Lessons From the Court: What Coaching Youth Basketball Taught Me About GRC
There is a moment in every youth basketball practice when everything clicks. A kid who has been throwing up wild shots for weeks suddenly squares up, sets his feet and drains a jumper. It is a small thing, maybe, but it is the product of discipline and repetition. And it is, I have come to believe, the exact same process that makes governance, risk and compliance work inside a small or midsized business.
I have spent my career building compliance programmes and governance frameworks for organisations that do not have the luxury of Fortune 500 budgets. The work is technical, often tedious, and absolutely critical. But the clearest lessons I have learned about doing it well did not come from an audit report or a NIST publication. They came from a gymnasium full of 10-year-olds.
Never Fire on the Go
The first thing you teach a young player is to stop moving before taking a shot. Kids want to launch the ball while sprinting toward the basket because the game feels urgent and they are afraid someone will take the opportunity away. The result is predictable: the shot sails wide, the fundamentals collapse, and they wonder what went wrong.
SMBs make the same mistake with compliance.
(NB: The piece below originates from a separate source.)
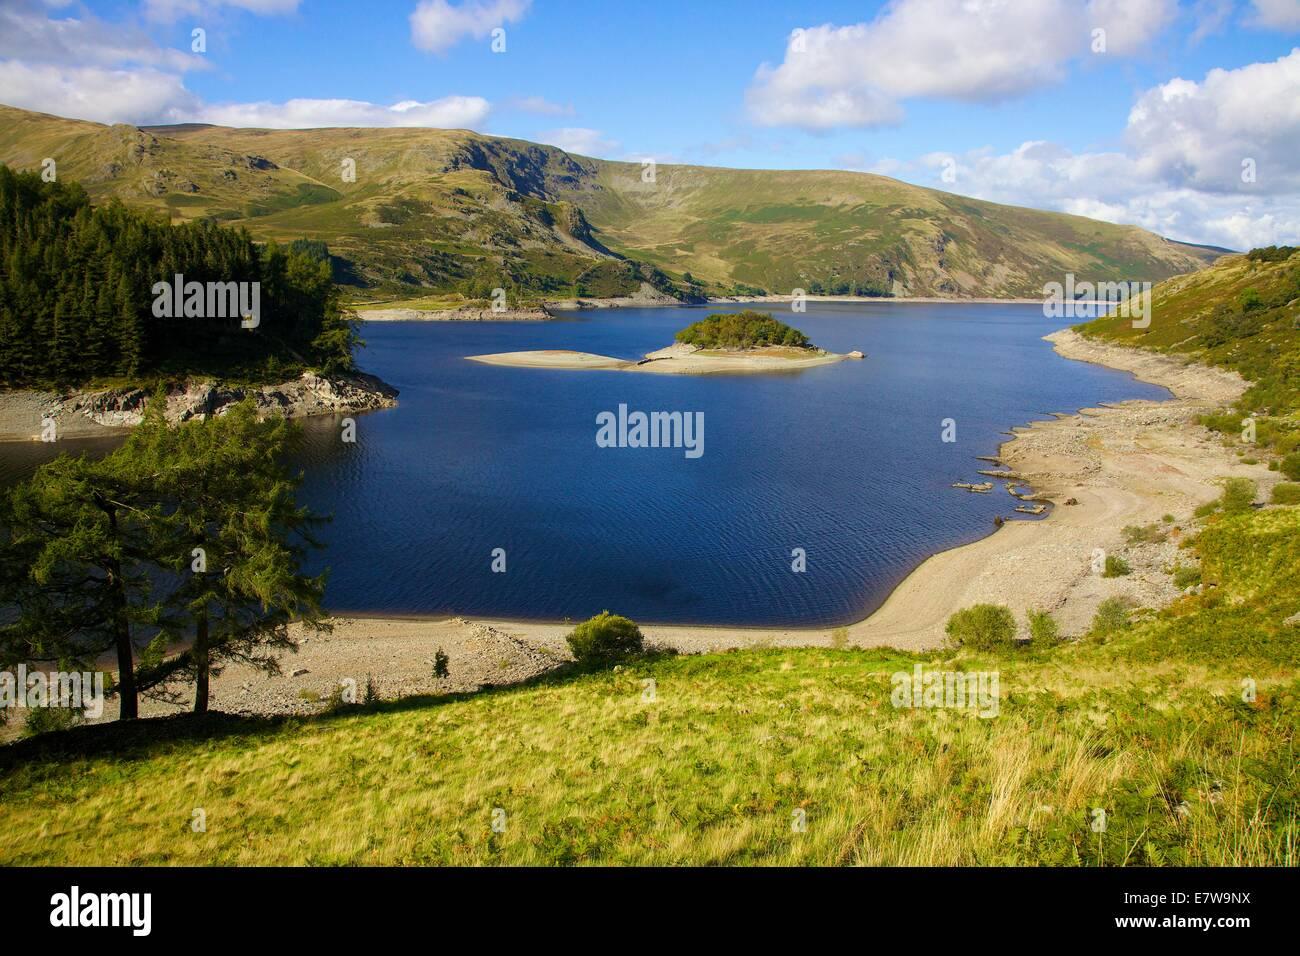 Lake District National Park, Cumbria, UK. 24th Sep, 2014. Mardale village emerges from Hawswater, Lake District - Stock Image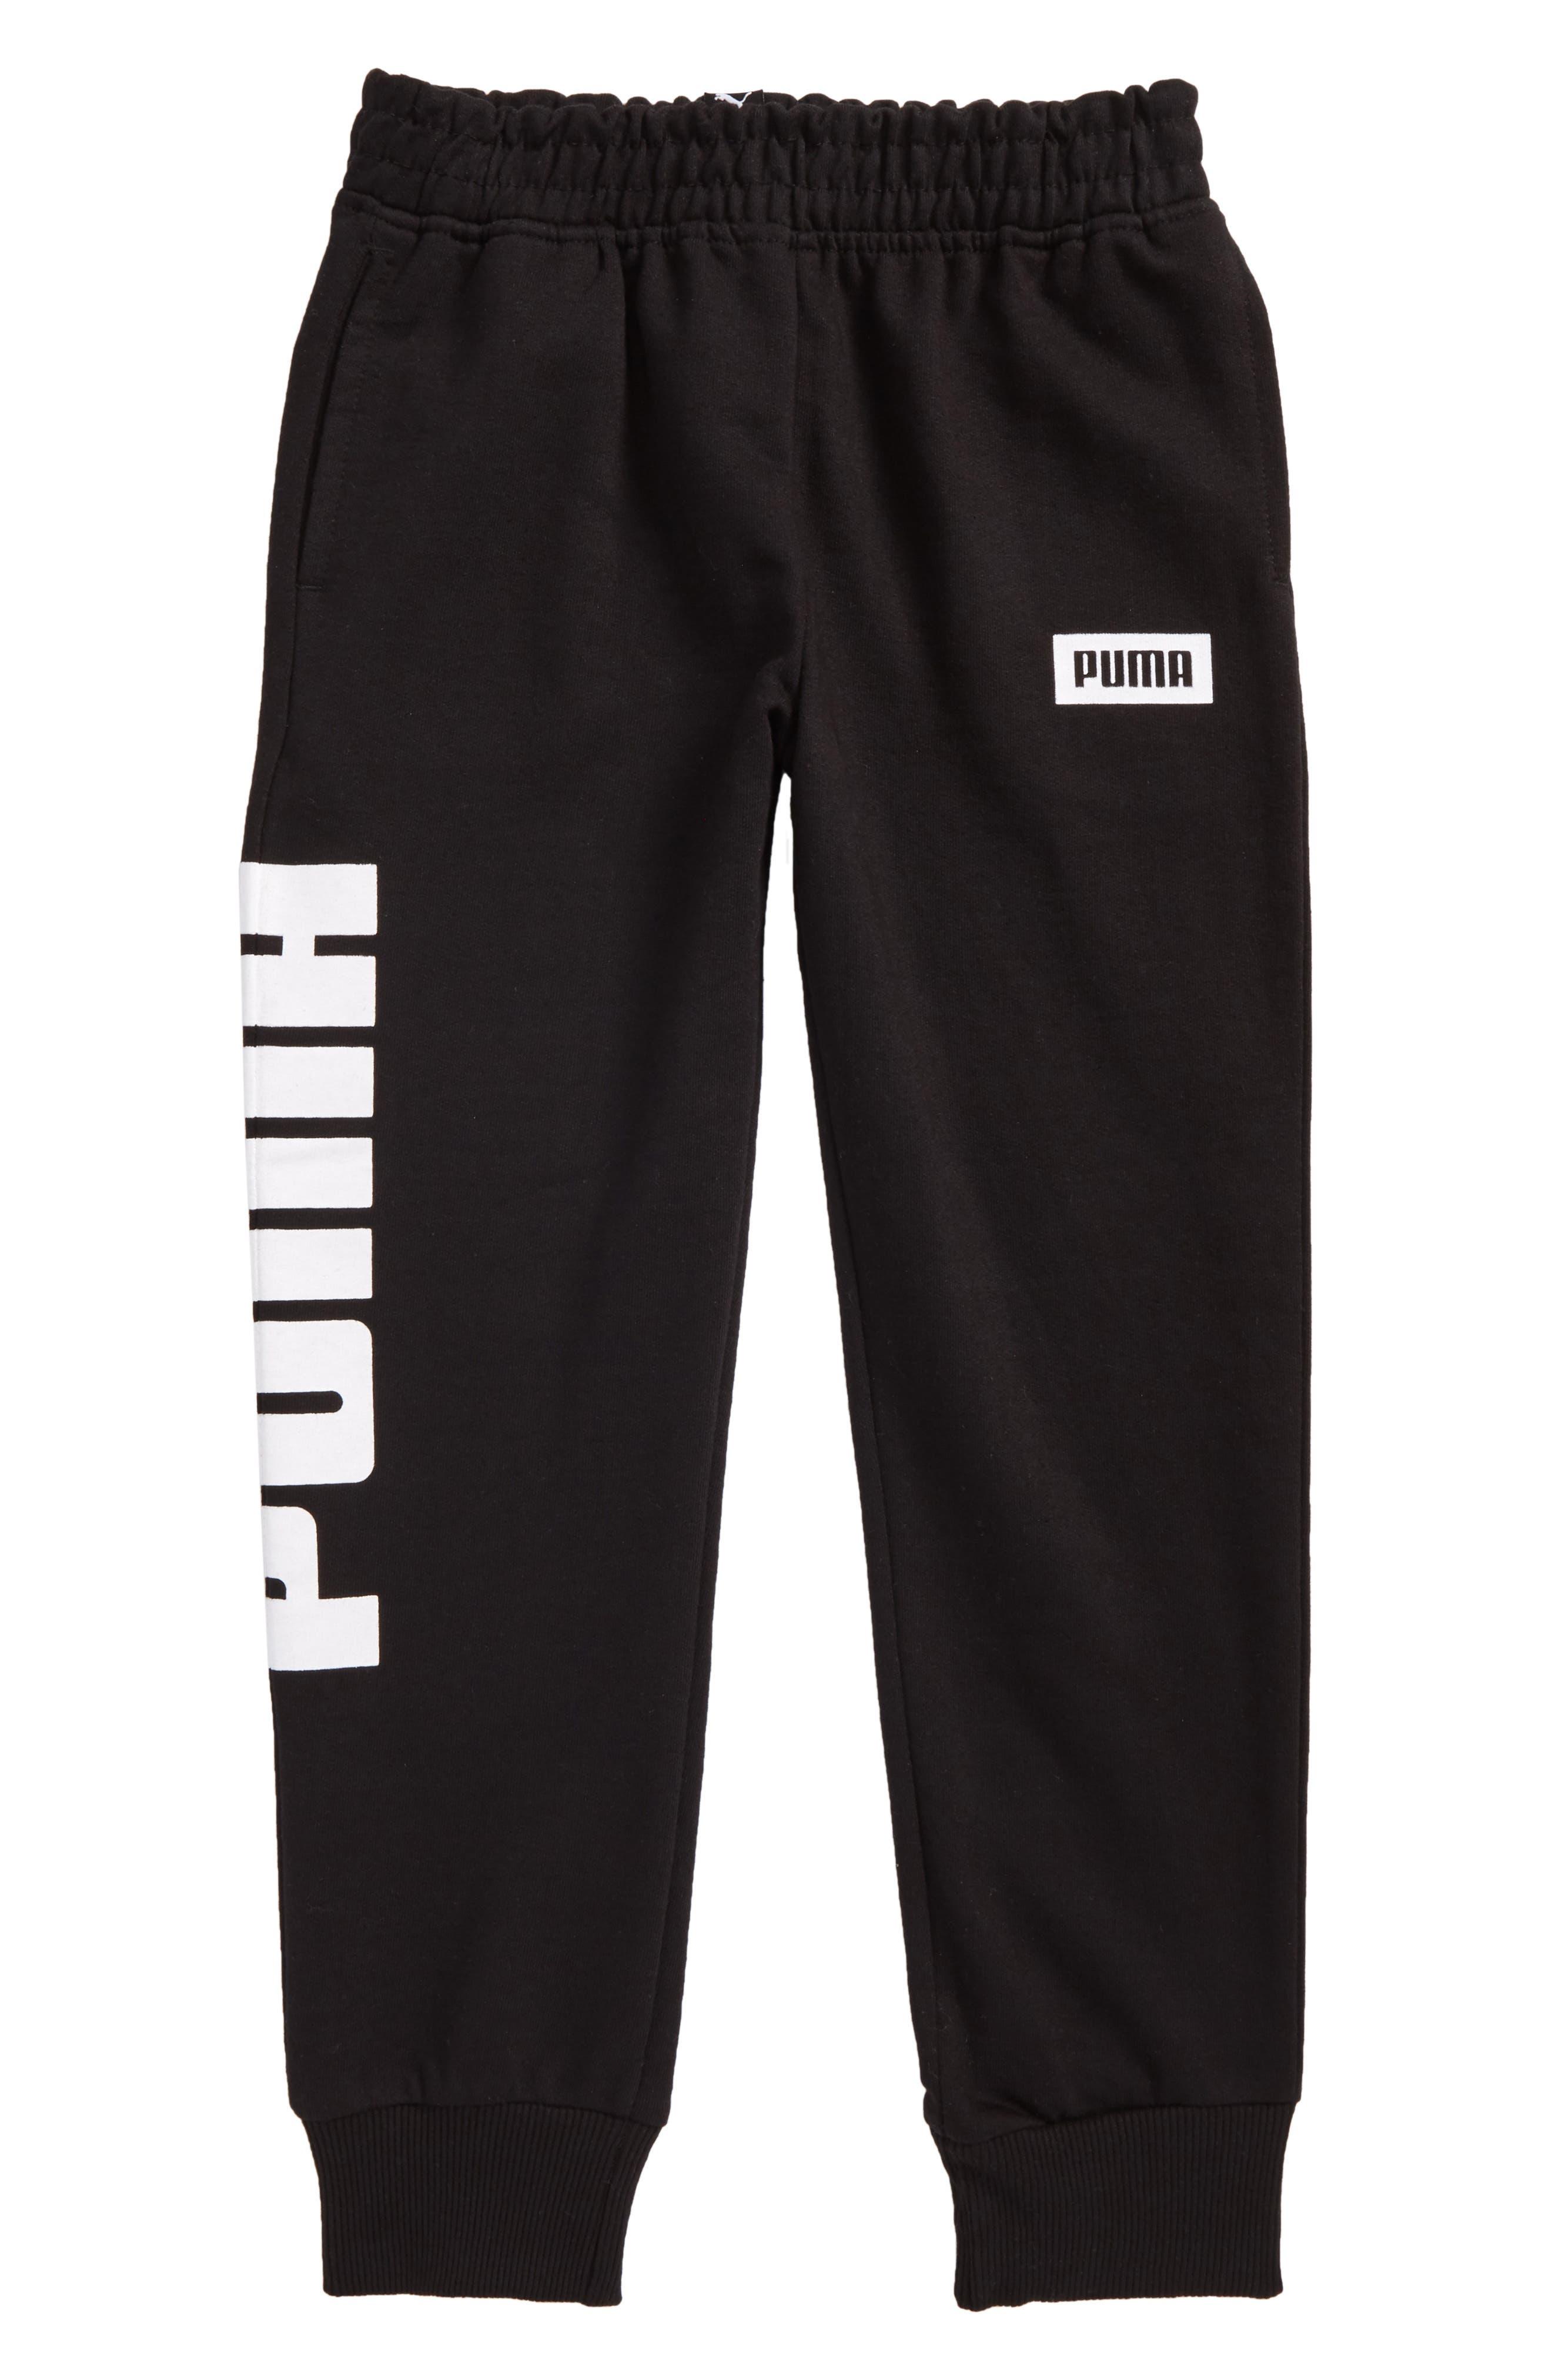 PUMA REbel Track Pants (Little Boys)

A new regulation drops or a vendor sends over a security questionnaire, and the instinct is to react immediately. Someone throws together a policy document on the fly. Controls get implemented without mapping them to actual risk. The organisation fires on the go, and the shot misses.
The fix is the same on the court and in the boardroom. Set your feet. Establish your base. In GRC terms, that means having a governance framework in place before the pressure arrives. It means your risk register exists before the audit notice, not after. It means your policies are written, reviewed and approved as a matter of routine, not crisis response.
You cannot hit a target you are rushing past. Stop. Square up. Then shoot.
Even When They Double Down, Shoot Anyway
Every young player encounters the moment when a defender gets in his face. Sometimes two defenders collapse on him. The natural reaction is to pass the ball, pull back or simply freeze. But the coached response, the disciplined response, is to take the shot anyway. Not recklessly. With technique, with confidence, and with the understanding that the defence is trying to intimidate you out of doing what you trained to do.
Organisations face the same pressure in compliance. A regulatory requirement feels onerous. A framework mapping exercise reveals uncomfortable gaps. An executive pushes back on the cost of a control implementation, or a department resists a new policy because "we have always done it this way." The adversary doubles down.
The temptation is to soften the programme. Water down the policy language. Grant exceptions that become permanent. Defer the remediation to next quarter, and then the quarter after that. But the risk does not defer itself. The threat landscape does not wait for your organisation to feel comfortable.
Shoot anyway. Present the findings. Enforce the policy. Document the risk acceptance if leadership chooses a different path, but do not let pressure talk you out of doing the work. The defenders are supposed to make it hard. That is their job. Yours is to take the shot with good form regardless.
Run Your Plays
The least glamorous part of coaching is running the same play 50 times in practice. Kids want to improvise. They want to freelance. And occasionally, a talented player can get away with it. But talent without structure is unreliable, and unreliable is a losing strategy over a full season.
The plays exist for a reason. When every player knows where to be and when to be there, the offence flows. When the point guard calls "32" and everyone cuts to the right spot, the open look appears almost like magic. It is not magic. It is muscle memory. It is the product of doing the boring work so many times that the right response becomes automatic.
GRC programmes work the same way. The policy review cycle is a play. The incident response plan is a play. The quarterly risk assessment, the access review, the vendor evaluation, these are all plays. They are not exciting. Nobody wins an award for completing a tabletop exercise on schedule. But when the real incident hits, when the auditor arrives, when the breach notification clock starts ticking, the organisation that has run its plays responds with precision. The organisation that freelanced responds with panic.
Muscle memory is not just a physical phenomenon. It is organisational. Every time your team executes a process the same disciplined way, you are building the reflexes that will carry you through the moments that matter most.
The Buzzer
Youth basketball is not really about basketball. It is about teaching young people that discipline, preparation and composure under pressure are transferable skills. They will use those lessons long after they forget the plays.
GRC is not really about compliance, either. It is about building organisations that can absorb pressure, respond to adversity and execute with consistency. The frameworks and controls are just the mechanics. The real programme lives in the culture you build around them.
Set your feet. Take the shot. Run your plays.
The fundamentals win games. They also pass audits.